Les moissonneurs veulent donc prendre aussi leur revanche sur les machines,
et c'est pourquoi ils ont demandé que leurs salaires soient relevés
dans de très fortes proportions:
Voici donc les causes du conflit. Elles sont les mêmes au Nord et
au Sud de Paris. Les cultivateurs de l'Aisne et de la Somme en souffrent
autant que ceux d'Eure-et-Loir.
- Il y a dix ans, nous disait l'un d'eux, nous trouvions facilement, à
des prix raisonnables, les moissonneurs nécessaires. Aujourd'hui,
las bras manquent à l'agriculture. Les ouvriers préfèrent
rester dans les usines d'où ils sortaient autrefois l'été
pour faire la moisson. Et pourtant les plus habiles ne gagnent à
l'usine, avec leur femme, que quarante-cinq à cinquante francs par
quinzaine, alors qu'en faisant la moisson, le même ménage pouvait
gagner au moins cent cinquante francs dans le même laps de temps...
Et notre interlocuteur ajoutait avec un sourire mélancolique
- Je me demande bien souvent si, à l'exemple des pays neufs, nous
ne serons pas obligés sous peu de nous servir de la « main-d'oeuvre
chinoise ».
***
On le voit, l'abandon de la terre, contre lequel le Petit Journal
s'élevait récemment encore, produit les plus tristes résultats
;et, par le fait que l'ouvrier des campagnes se rue de plus en plus vers
les villes, nos cultivateurs, tributaires des travailleurs étrangers,
se voyaient forcés, cette année, ou de se ruiner en paiement
de salaires ou de laisser pourrir leurs blés sur pied.
Heureusement, une solution est apparue, celle à laquelle on recourt
toujours en France dans les cas désespérés. La moisson,
sous peine d'être gravement compromise, devait être faite rapidement.
Les cultivateurs se sont tournés vers le ministre de la guerre et
lui ont demandé le concours de l'armée. Et, il faut dire à
la louange de M. Berteaux, qu'il a compris l'urgence de la situation et
qu'il a su prendre, sans retard, une décision dont nos agriculteurs
français ne manqueront pas de lui savoir gré.

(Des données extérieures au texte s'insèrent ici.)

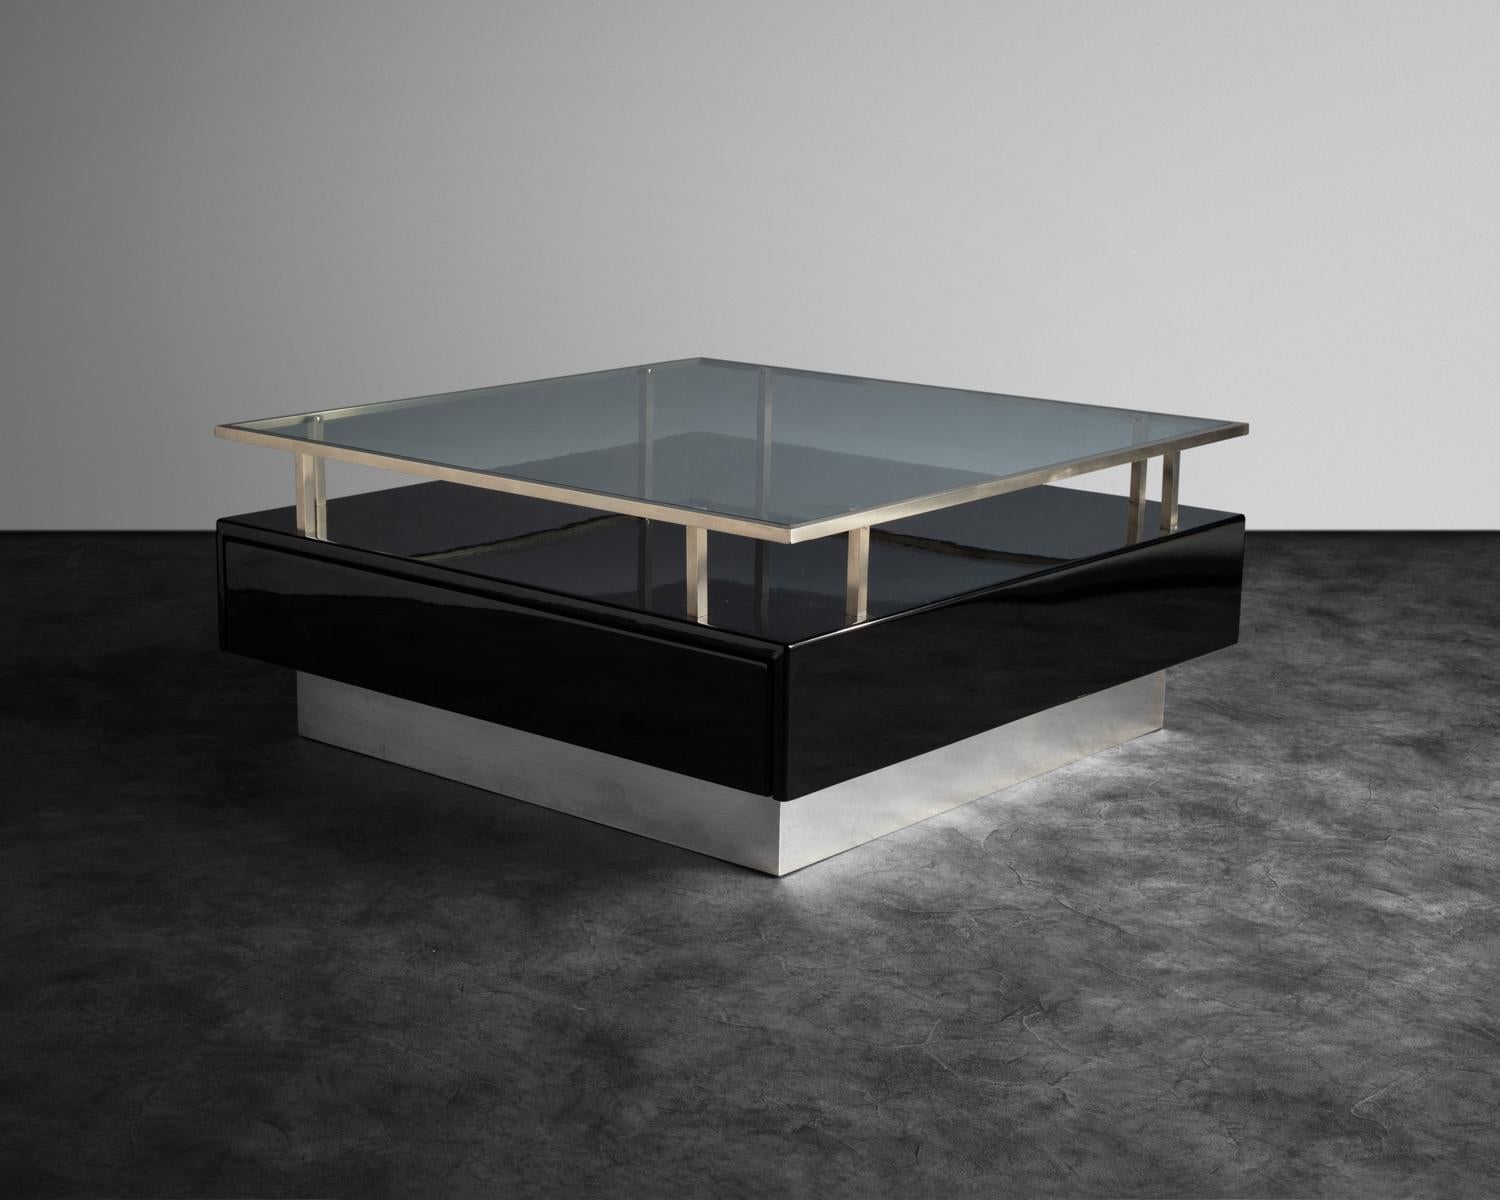 Square black lacquered tables with a raised aluminum frame supporting a glass top. The table bases feature a divided drawer.
 

Donc, tous les ouvriers agricoles qui devaient être appelés
à faire vingt-huit jours pendant l'époque des moissons, obtiendront
un sursis, et, d'autre part, 18 p. 100 de l'effectif en ce moment sous les
drapeaux, choisis parmi les jeunes gens de la campagne, ont été
mis à la disposition des cultivateurs.
Ainsi sera conjuré le véritable péril national qui
résultait de l'impossibilité où se fussent trouvés
les agriculteurs de faire la moisson en temps voulu.
Une fois de plus, l'armée aura rendu au pays un service économique
dont l'importance est inappréciable.
Les habitants des campagnes, auprès desquels tente de s'exercer depuis
quelque temps l'action malsaine des antipatriotes, ne l'oublieront certes
pas ; et quand les Hervé, les Jaurès et tutti quanti
voudront répandre parmi eux leurs injures accoutumées contre
l'armée, ils se heurteront à une force contre laquelle rien
ne prévaut : celle de la reconnaissance.